Obama referred to heaven when he spoke of 9-year-old Christina Taylor Green, who was killed in the shooting. "If there are rain puddles in heaven," Obama said, "Christina is jumping in them today." Green attended St. Odilia Catholic Church in Tucson.

Obama's speech was praised by many—including conservatives and Republicans—as hitting the right tone and message for the event (see here for a list of comments by leading conservatives). American Family Association's Elijah Friedeman said, "It's rare that conservative pundits will give Obama kudos for a speech, but the consensus is virtually unanimous: Obama did a great job." Daniel Burke of Religion News Service looked at how previous presidents have used Scripture in speeches after national tragedies.
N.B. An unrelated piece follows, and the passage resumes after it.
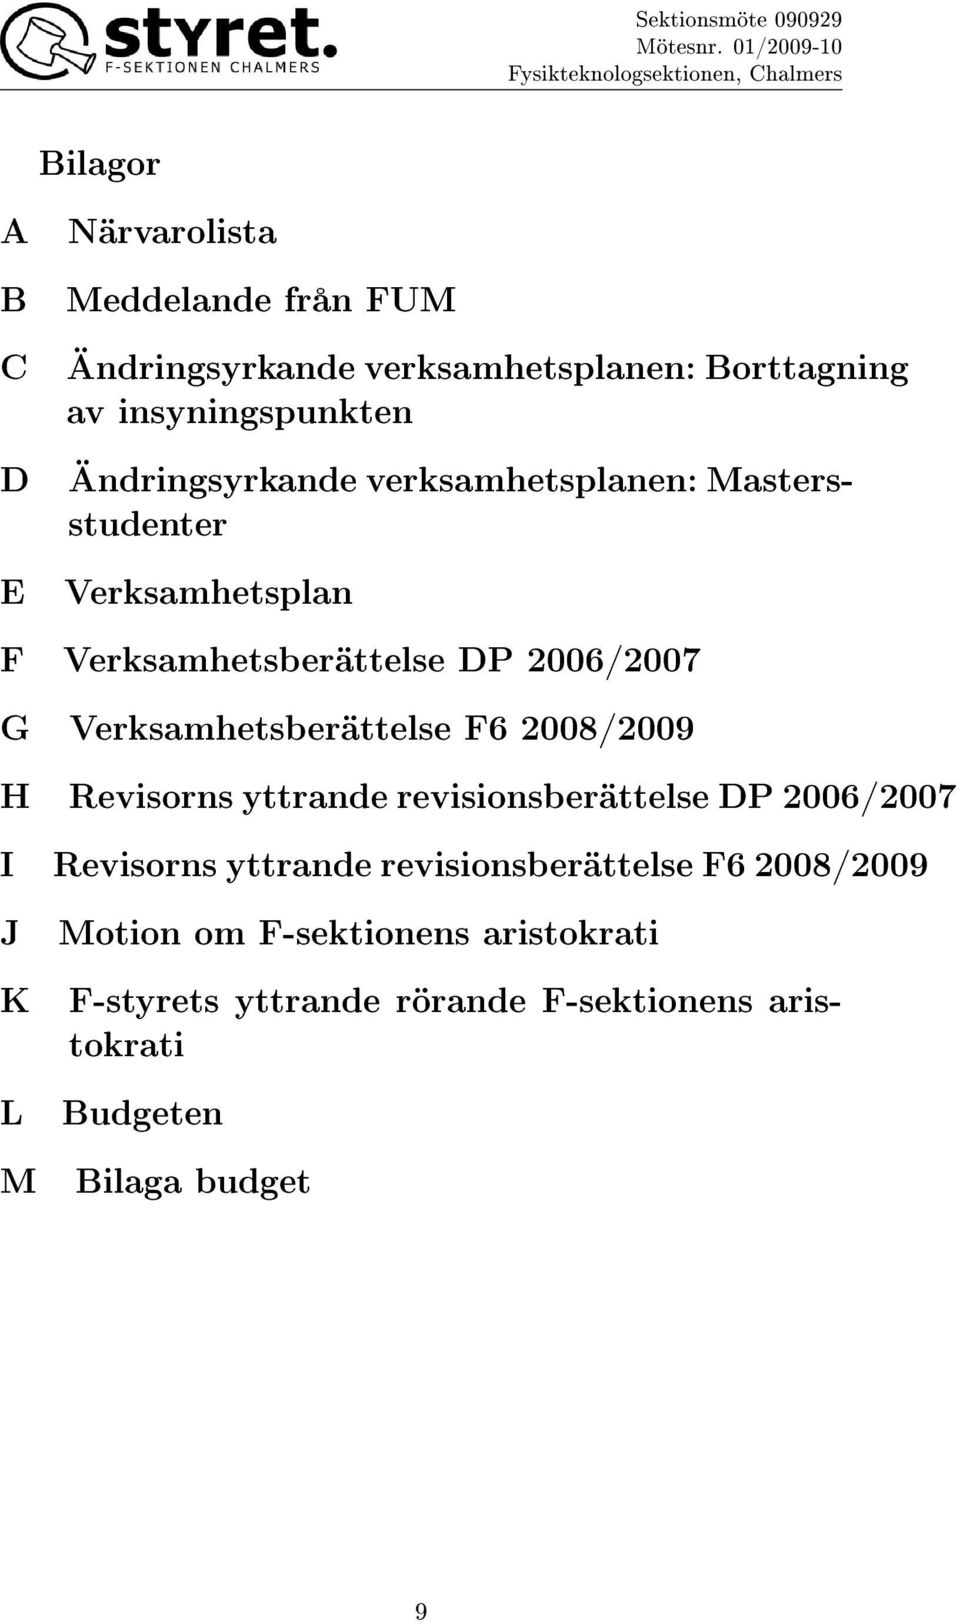 Verksamhetsberättelse F6 2008/2009 H Revisorns yttrande revisionsberättelse DP 2006/2007 I Revisorns yttrande

Obama's words echoed sentiments expressed by other political leaders. Amidst chattering between pundits, most leaders have taken a break from politics as usual.

CitizenLink's vice president for external relations Tim Goeglin said, "Since the assassination attempt and the other killings, there has been a remarkable unity that has happened. It's as if politics, and maybe temporarily, has been transcended."

Sojourners president Jim Wallis was with Giffords and her husband a week ago at the New Years Renaissance Weekend in South Carolina. She spoke on her contentious campaign fight last November. She is currently the only Democratic woman representing a Republican-leaning district.

"Gabby is always engaging, but never polarizing, and was the least likely person to be targeted by an angry and unhinged man. But she was," said Wallis.

Wallis joined over 50 other faith leaders to sign an open letter to Members of Congress expressing their support for elected officials. The letter also called for a more civil political dialogue. Other signatories included and Joel Hunter (Northland church), Samuel Rodriguez (National Hispanic Christian Leadership Conference), and David Gushee and Steven Martin (New Evangelical Partnership for the Common Good).

Speaker John Boehner (R-Ohio) pushed off a vote on repealing last year's health care law until next week. The business of this week became a resolution on the tragedy in Tucson.

Speaking to the House of Representatives, Boehner said, "The needs of this institution have always risen above partisanship. And what this institution needs right now is strength – holy, uplifting strength. The strength to grieve with the families of the fallen, to pray for the wounded, and to chart a way forward, no matter how painful and difficult it may be."